I have carefully reviewed your manuscript. Overall, I found this topic very interesting and relevant to the field of colon and/or colorectal cancer (CRC) research. The topic is important, especially because the mechanisms of multi-organ metastasis in this type of cancer are incompletely understood.

The objectives and the introduction of the thesis are written clearly, I have no comments on this part of the thesis. Good research hypotheses were set. And efforts were made to solve them gradually.

Material and Methods: A modern research model was used. The description of organoid culture, animals treatment and microsurgical implantation of tumor organoids into the caecum and the liver, bioluminescence imaging (BLI), immunohistochemistry (IHC), fluorescent multiplex IHC, whole genome sequencing and statistical analyses is correct. I have no comments on this description.

The Results are generally presented very clearly, and I have no major complaints, but I would recommend improving the quality of all the color images, as they are out-of-focus, especially the tissue results (Fig. 1B and C; all Fig. 2; Fig. 3B and C, Fig. 5). So, the quality of all attached figures and charts needs improvement. Perhaps this is a technical issue and you just need to save these figures in another graphics program.

In addition, Figure 1D is missing, and it is cited in the text of the paper (line 240).

The descriptions under the figures are correct and legible.

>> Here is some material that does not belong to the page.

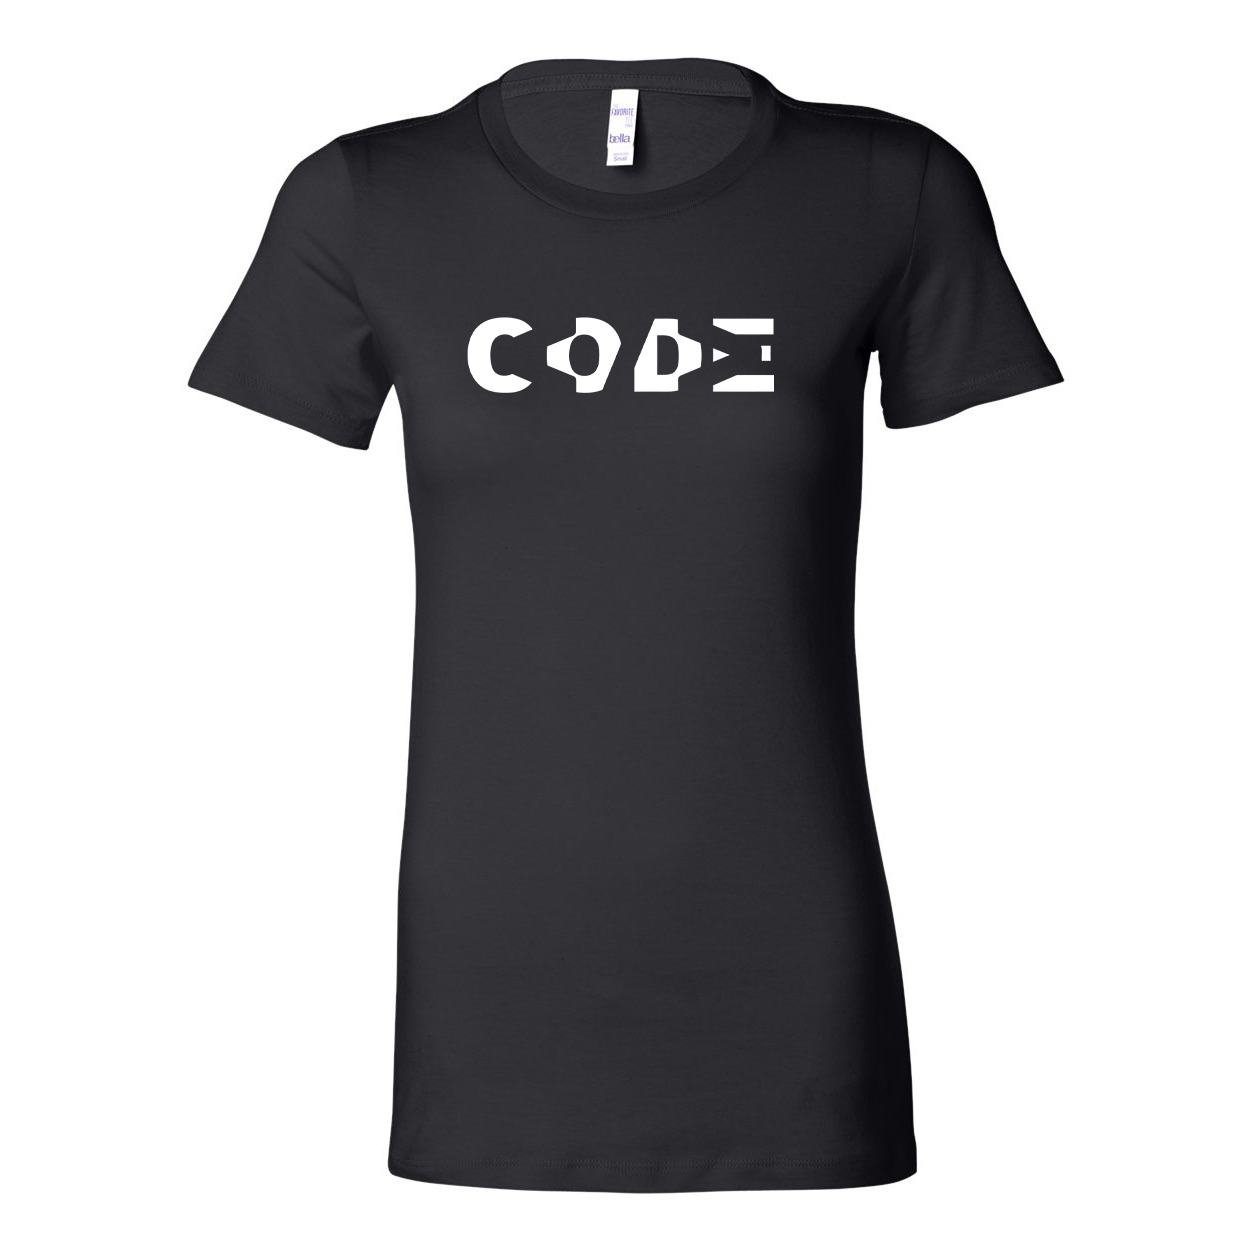 Code Tag Logo Classic Women's Fitted Tri-Blend T-Shirt Black (White Logo)

The discussion, though brief, is sensible, and written in a factual manner. The conclusions of the paper are also appropriate to the interesting work results obtained.

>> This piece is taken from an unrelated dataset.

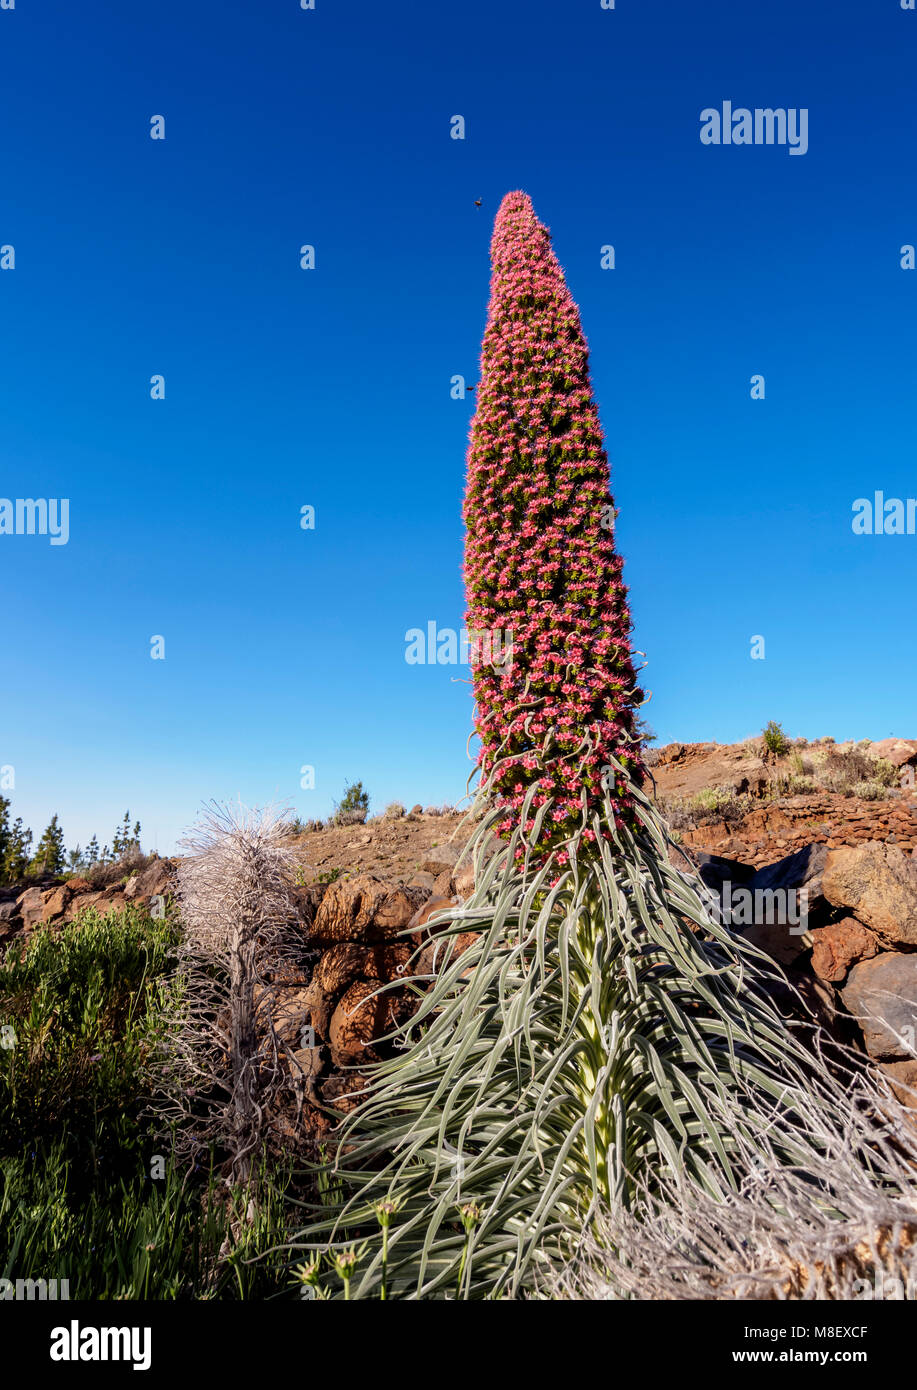 Tajinaste Rojo(Echium Wildpretii), endemic plant, Corona Forestal Natural Park, Vilaflor, Tenerife Island, Canary Islands, Spain Stock Photo

In general, I would also like to ask whether the mechanisms shown apply only to colon cancer or also to rectal cancer? Possibly add some commentary in the discussion, if it matters. 

References: Please check all the literature to make sure that everything is in accordance with the requirements of the editors, in paper 28 the title of the publication should be completed. And in paper No. 20, there are too many words "advance on, ", please correct.

To sum up:

This original paper provides valuable insights into mechanisms of „onward spread” from liver metastases in case of the colon cancer. The results are interesting and may explain, among others, why anti-angiogenic therapy yields better results when treating metastatic CRC, but not when it is part of adjuvant chemotherapy after resection of the primary tumor.

The paper is important from clinical point of view and may carry practical importance. Congratulations for all authors!!!

The paper can be accepted after minor revision.

Author Response

Please see the attached Word file.

Author Response File: Author Response.pdf

Round 2

Reviewer 2 Report

The first revision identify critical flaws that there have been not rectified in the current version.